The market research firm's latest study, which looked at global Internet usage, found that while Americans were the most likely to make online purchases from home, with 72 per cent of respondents saying they had done so, some 63 per cent of Puerto Ricans also claimed to be cybershoppers, falling only slightly behind the Swiss at 64 per cent. Some 24 per cent of Japanese and 49 per cent of Peruvians said they made purchases for the office from their home PCs, while 18 per cent of Swedes and 45 per cent of Koreans admitted they bought personal items over the Internet from work.
Although the most popular items to be bought online were books, magazines and music, some 50 per cent of French people purchased travel services on the Web, while just over 50 per cent of Indians bought gifts.

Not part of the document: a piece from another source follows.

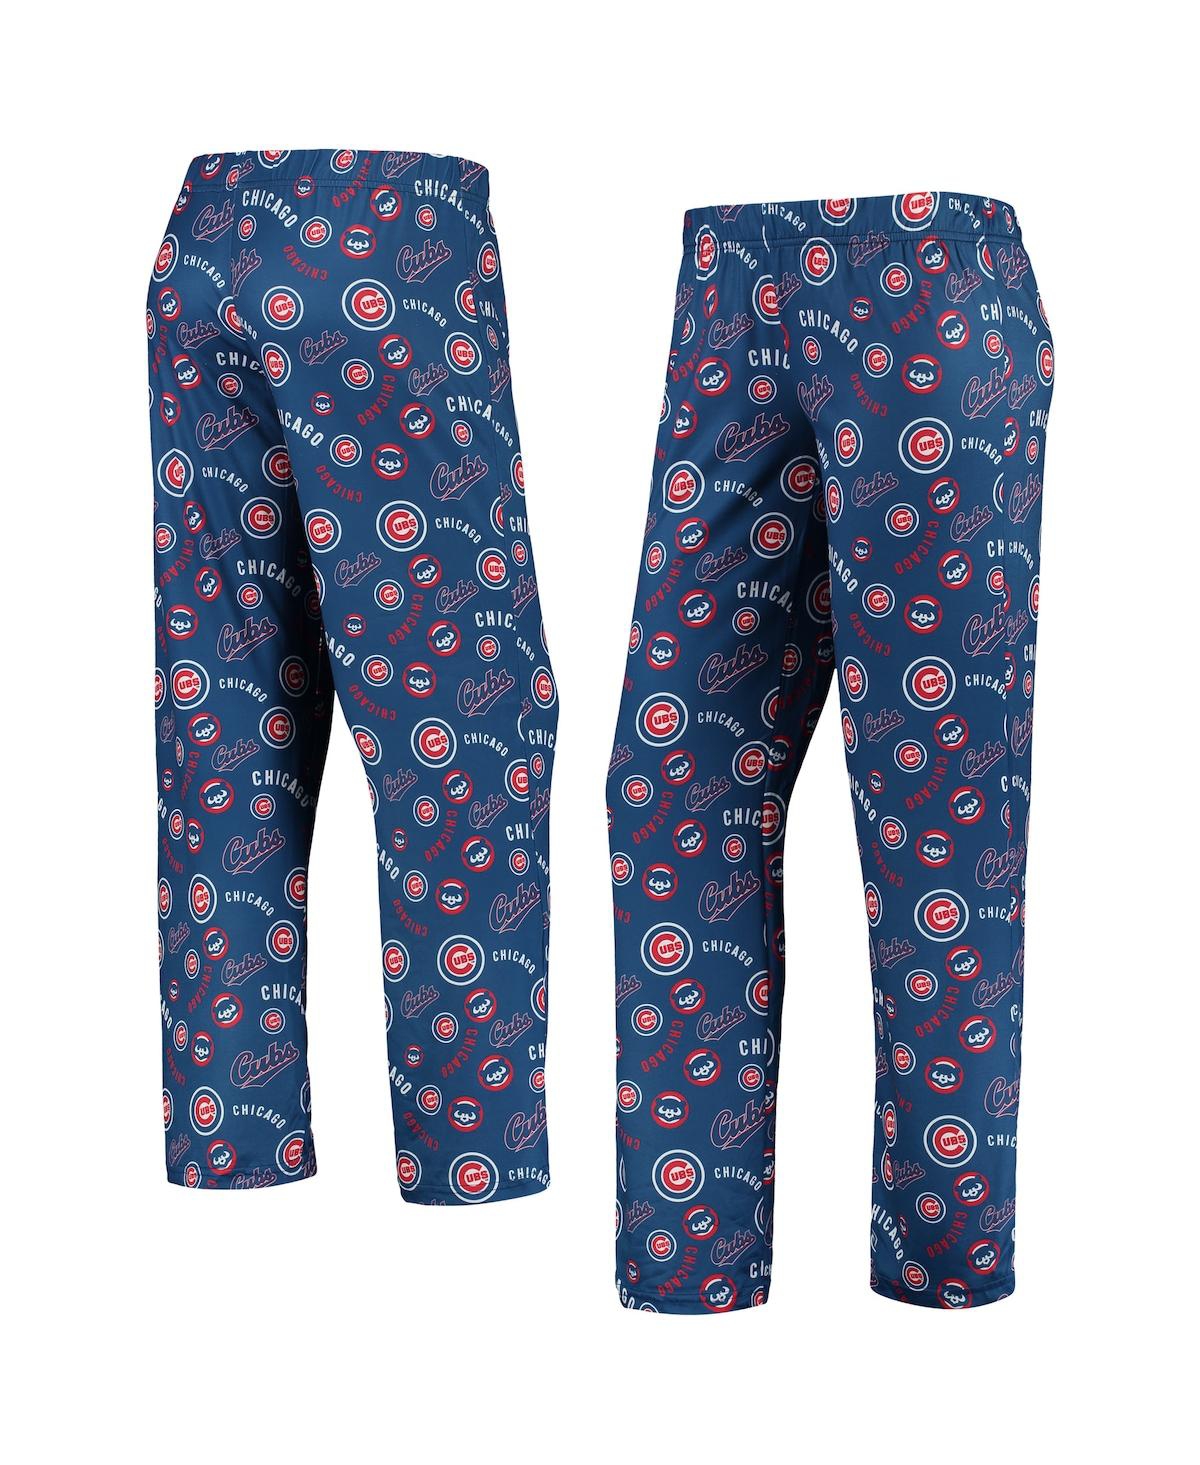 Women's Royal Chicago Cubs Retro Print Sleep Pants - Royal

But the American, Chinese and Germans were most patriotic about buying goods made in their own country. Almost 100 per cent of Americans and just over 75 per cent of those Chinese and Germans surveyed said they spent their money on local products.
The thorny issue of Web security also threw up some surprising results, however. While more than 40 per cent of respondents in Hong Kong said security concerns had turned them off making purchases over the Web, almost half of all Swedes questioned said they would increase their online buying habits.
And although the average number of devices that people use to access the Web at home is globally about 1.5, the distribution of multiple device households is not evenly spread. For example, 26 per cent of Japanese users have more than three devices compared with 13 per cent in the US and seven per cent in the UK.
But only seven per cent of Japanese schoolchildren said they accessed the Internet from school compared to 32 per cent in Mexico and 29 per cent in Korea.
While 56K modems are the most popular way of accessing the Internet on a global basis, western Europe was ahead in terms of high speed access, with Germany being the heaviest user of ISDN.
IDC polled 29,000 users across 100 countries and also found that Internet access fees varied hugely. Sweden boasted one of the lowest rates at $18 per month, while Argentinian users paid $78 per month, Germany and Japan shelled out $40 per month and Americans and Canadians paid about $23.